The music came to an end, and the dancers stopped. The crowd burst into spontaneous applause, and the elderly Chinese gentleman bowed to Mrs. Campbell, before heading off to rejoin his friends. Mrs. Campbell hurried over to where Margaret and Mei Yuan were standing. Her face was flushed and animated, eyes brimming with excitement and pleasure. She was also more than a little breathless. ‘Well?’ she said, beaming at them both. ‘How did I do?’
‘You were marvellous,’ Mei Yuan said, with genuine admiration.
‘I didn’t know you could dance,’ Margaret said.
Mrs. Campbell raised one eyebrow and cast a withering look over her daughter. ‘There are many things you don’t know about me,’ she said. ‘Children forget that before they were born their parents had lives.’ She caught her breath. ‘I take it the fact that you were out all night is a good sign. Or do I mean bad? I mean, is the wedding off or on? I’d hate to have to go home early. I’m just beginning to enjoy myself.’
Margaret said, ‘Li is quitting the force. He posted his resignation last night.’
‘No!’ Mei Yuan put the back of her hand to her mouth.
‘He seemed to think that would make me want to marry him again.’
‘And did it?’ her mother asked.
‘Of course not. But I can’t win, can I? I’m damned if I do and damned if I don’t. And I’m damned if I’m going to be either.’
Mrs. Campbell sighed deeply. ‘Just like her father,’ she said to Mei Yuan. ‘Obstinate to the last.’
‘Anyway,’ Margaret said, ‘I’d hate to spoil your fun. Don’t feel you have to go home early on my account. I just stopped by to say I’m going to be busy today.’ She turned to Mei Yuan. ‘If you don’t mind babysitting for a few more hours.’

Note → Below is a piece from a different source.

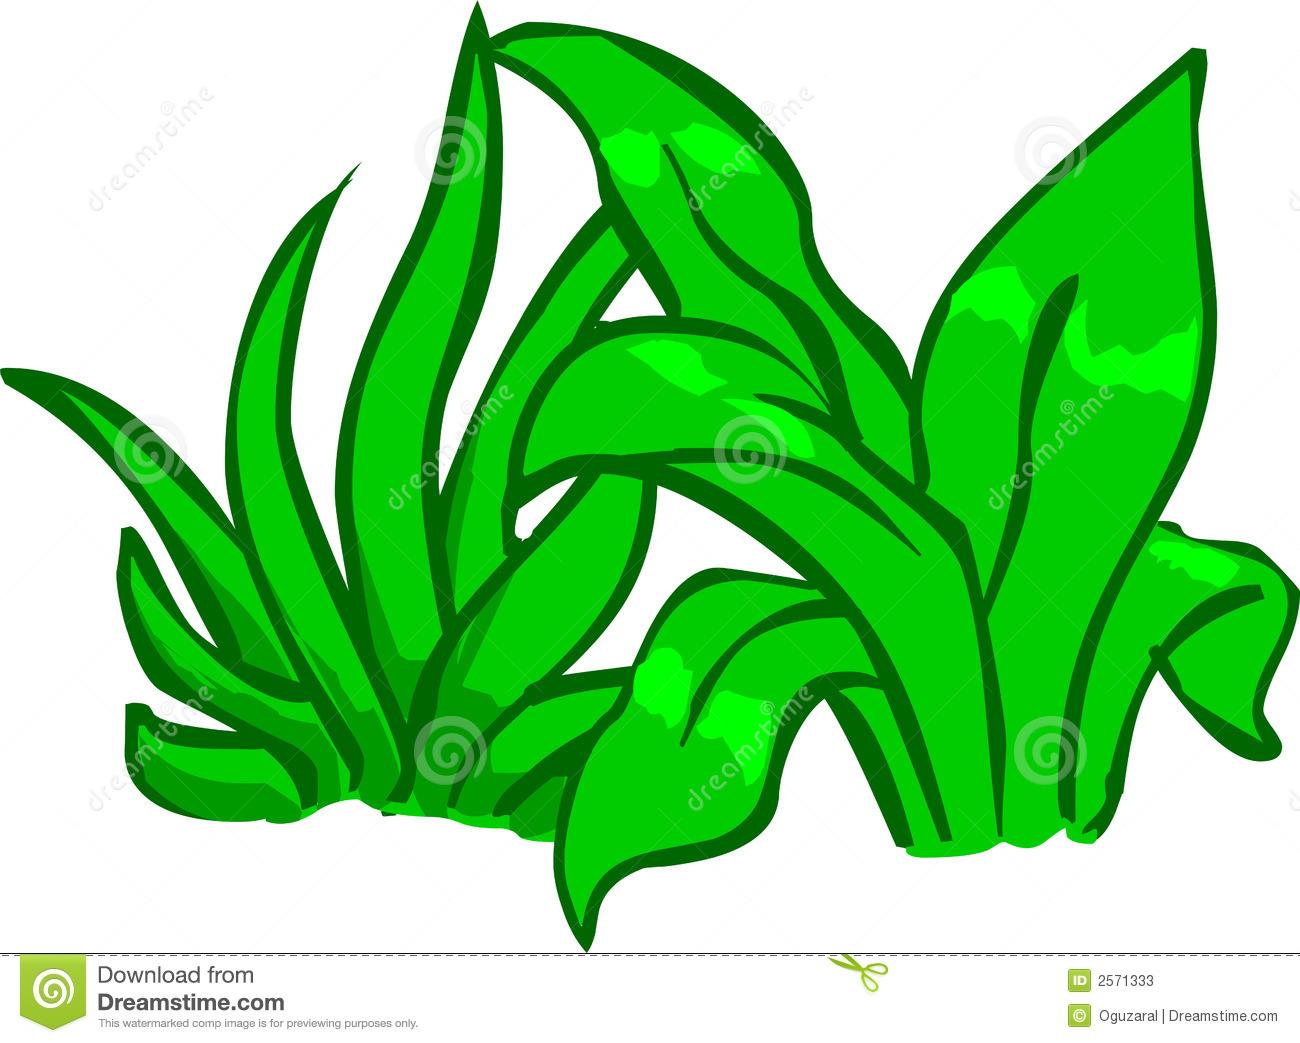 Cartoon plant group illustration. Bushes clipart animated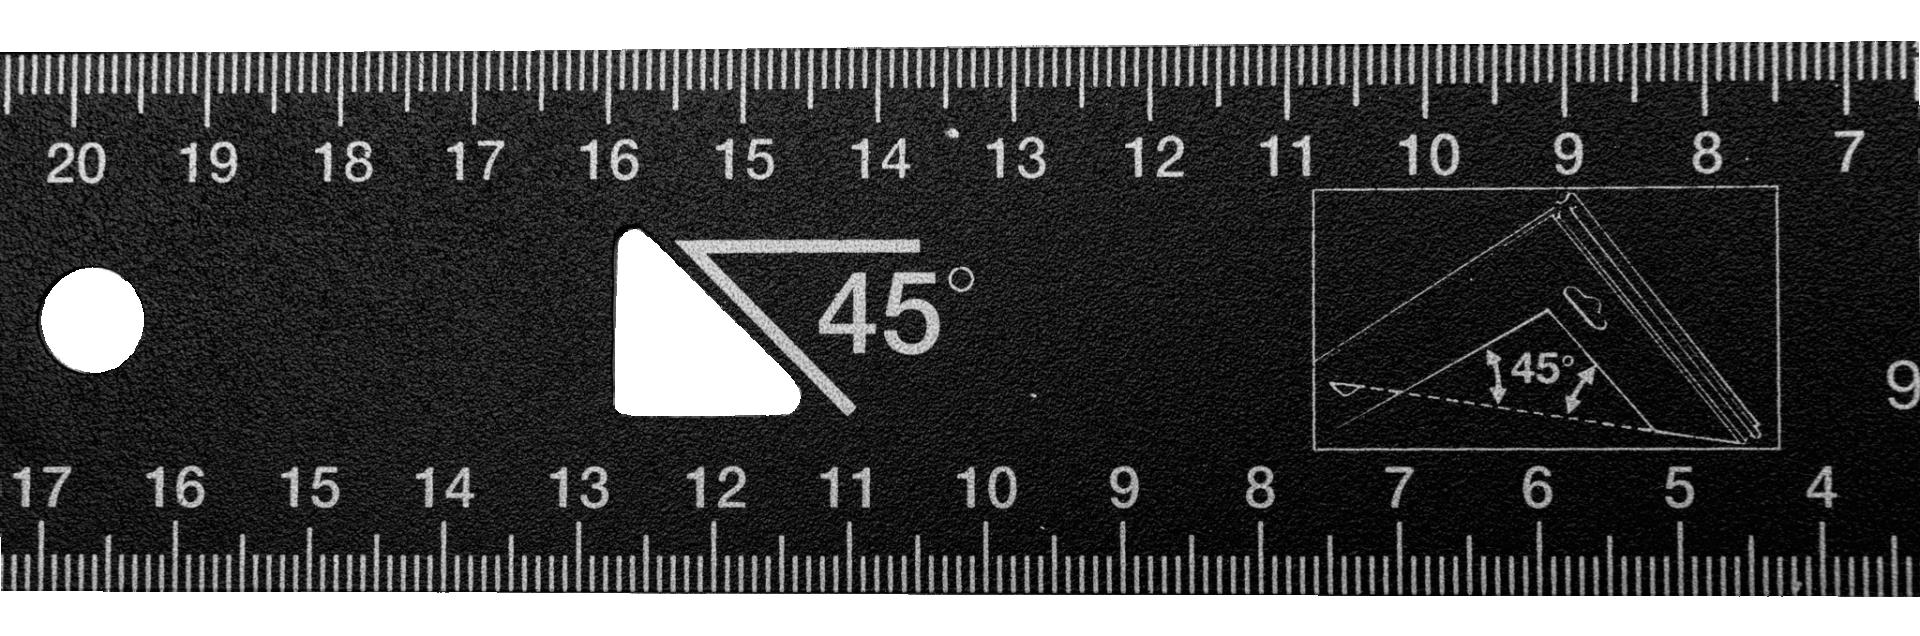 Kątownik 200 x 170 mm 90 i 45 stopni BAHCO (nr kat. 9045-B-200)

‘Really, Margaret!’ her mother protested.
But Mei Yuan just smiled and squeezed Margaret’s hand. ‘Of course,’ she said. And then her face darkened, as if a cloud had passed over it. She still held Margaret’s hand. ‘Don’t abandon him now, Margaret. He needs you.’
Margaret nodded, afraid to catch her mother’s eye, reluctant to show the least sign of vulnerability. ‘I know,’ she said.